This repository contains multiple examples of proof-of-concept (PoC) attacks against AI systems, demonstrating various security vulnerabilities in machine learning models. These examples aim to provide a better understanding of potential risks and help researchers and developers build more secure AI systems.
- Model Stealing Attack on Sentiment Analysis Model
- Adversarial Attack on Image Classifier
- Membership Inference Attack on ML Models
- Model Inversion Attack on ML Models
- Data Poisoning Attack on ML Models
- Python 3.6 or higher
- TensorFlow 2.x
- PyTorch
- NumPy
- scikit-learn
- foolbox
- matplotlib
To install the required libraries, run the following command:
pip install tensorflow numpy scikit-learn foolbox matplotlib torch torchvision
Usage Clone this repository to your local machine. Install the required libraries as mentioned above. Navigate to the desired example folder and follow the instructions in the corresponding README.md file to run the attack.
- Model Stealing Attack on Sentiment Analysis Model This example demonstrates a model stealing attack on a simple sentiment analysis model using the IMDb movie review dataset. The attacker queries the target model and trains a replica based on its responses.

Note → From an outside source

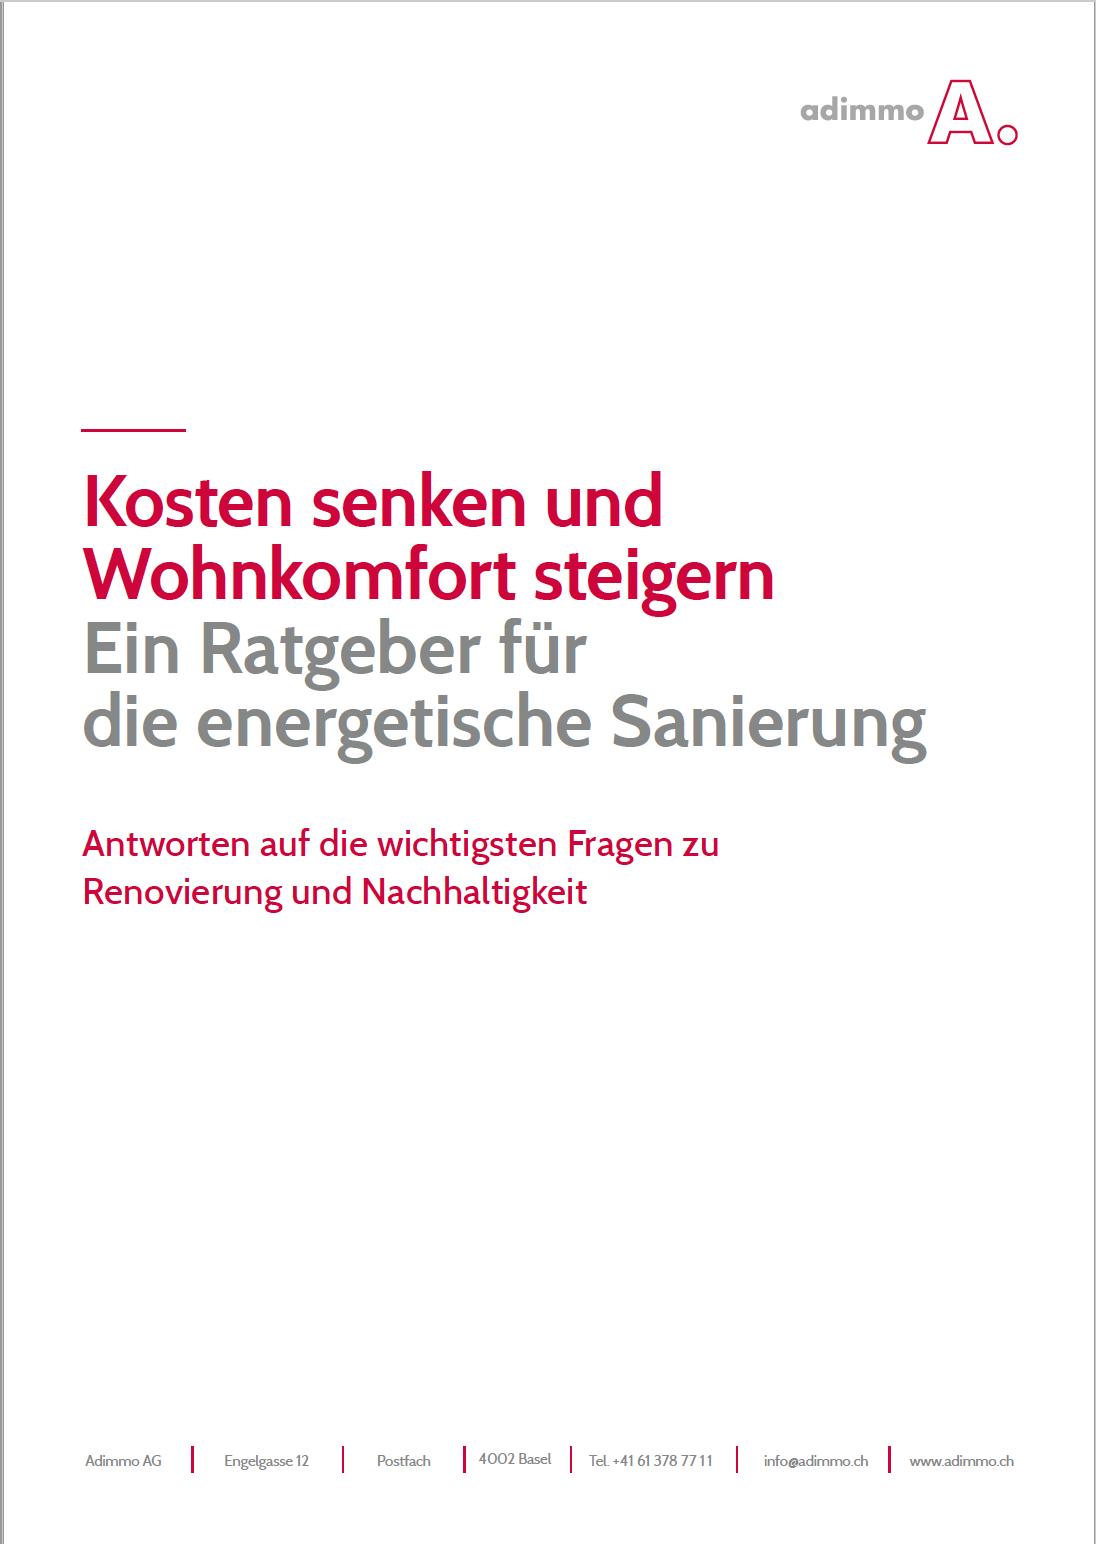 Deckblatt_Ratgeber_energetische_Sanierung

- Adversarial Attack on Image Classifier This example shows an adversarial attack on an image classifier using the Fast Gradient Sign Method (FGSM) to generate adversarial examples that can fool the model.
- Membership Inference Attack on ML Models This example demonstrates a membership inference attack on machine learning models, in which an attacker tries to determine if a given data point was part of the model's training dataset.
- Model Inversion Attack on ML Models This example illustrates a model inversion attack, where an attacker attempts to reconstruct input data from a machine learning model's predictions or internal representations.
- Data Poisoning Attack on ML Models This example demonstrates a data poisoning attack on machine learning models, in which an attacker injects malicious data into the training dataset to compromise the model's performance or introduce specific vulnerabilities.